If the latter puts one in mind of the dehumanised atmosphere of Otto Dix, the skeletons of Schleime and Shepherd immerse us, the former in the world of the Vanities and zombie films (it’s hard not to think of the creations of Tom Savini), and the latter in the colours and shapes of macabre Mexican paintings. As for Danny Treacy, it is not a human but a cow’s skull that he portrays in Fertile Ground No. 51. A reworked photogram, in which this symbol of death stands out from the dark shadow with nuances of blood red and candy pink. Eroticism, masochism…the wooden frame, the chain hanging the work, all evoke an inseparable mix of sexual pleasure and pain. The heart of Saint Valentine, a blood filled uterus, death nestled in the folds of fertility. Eros and death-wish mixed once again in a suffocating miasma.

Spotted with wax like clotted blood, this is the most upsetting work in the collection. Jasper Joffe’s The Cursed Box both resembles a clock and a letterbox… and a guillotine. Decked with warnings etched in the wood patina, it is pierced with bloody holes through which can be discerned short texts. A reference to the chain letter spam that infests our inboxes, bearing omens that one must send on and propagate or risk being cursed; ironically the artist announced his work with a childish and particularly squalid email. A lucid and unforgiving take on the scourge of the Internet? The computer as Pandora’s Box, flooding one’s consciousness with all human suffering, which must under no circumstances be opened?
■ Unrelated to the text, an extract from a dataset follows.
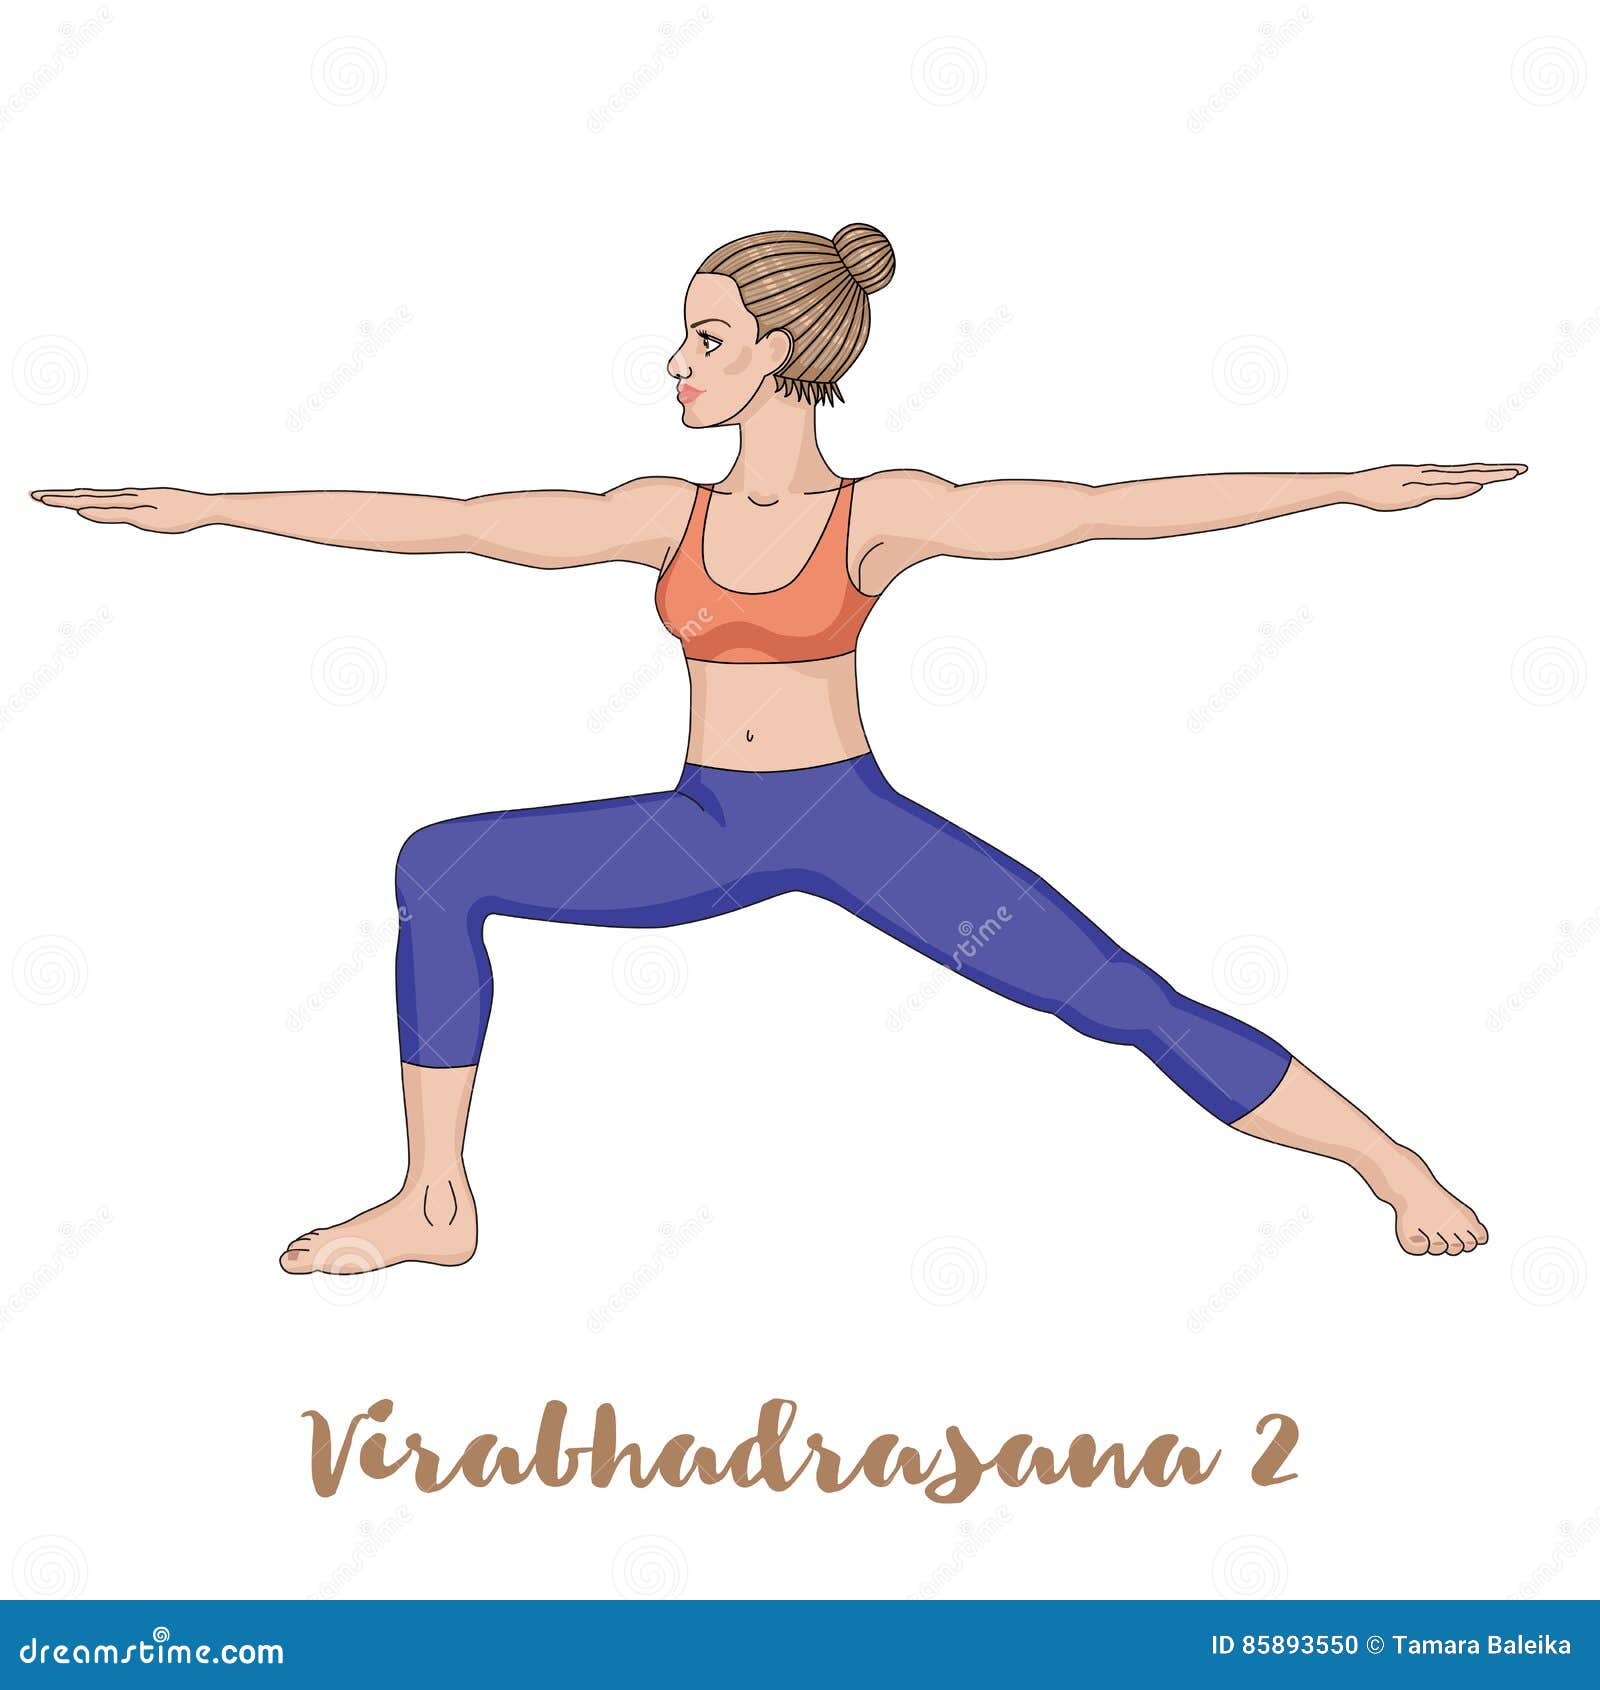 Warrior ii yoga pose silhouette #AD , #sponsored, #AD, #ii, #silhouette, # pose, #Warrior | Warrior pose yoga, Yoga poses, Yoga meditation poses

No answer of course…but a thicket of questions, and that’s the real merit of these pieces and of the exhibition that gathers them together. The only thing for sure as one leaves this gallery is that, despite the scientific age, the diabolical exists yet. In the sixteenth century, demons helped to make sense of the incomprehensible, helping to deal with it if not actually to dispel it: the mentally deranged labelled “possessed”, women who were too liberal in their ways accused of witchcraft, natural scientists condemned as warlocks… a well known phenomenon. The problem is that it persists. Despite today’s technological advances, or perhaps because of them, demonology remains a deep seated need, a drug, and the ultimate means of warding off the violence of our times. One shivers before these pieces; their message is unequivocal: in the twenty first century, demonology chimes with violence, death, seduction, naivety and childhood. Nice view of the future, isn’t it?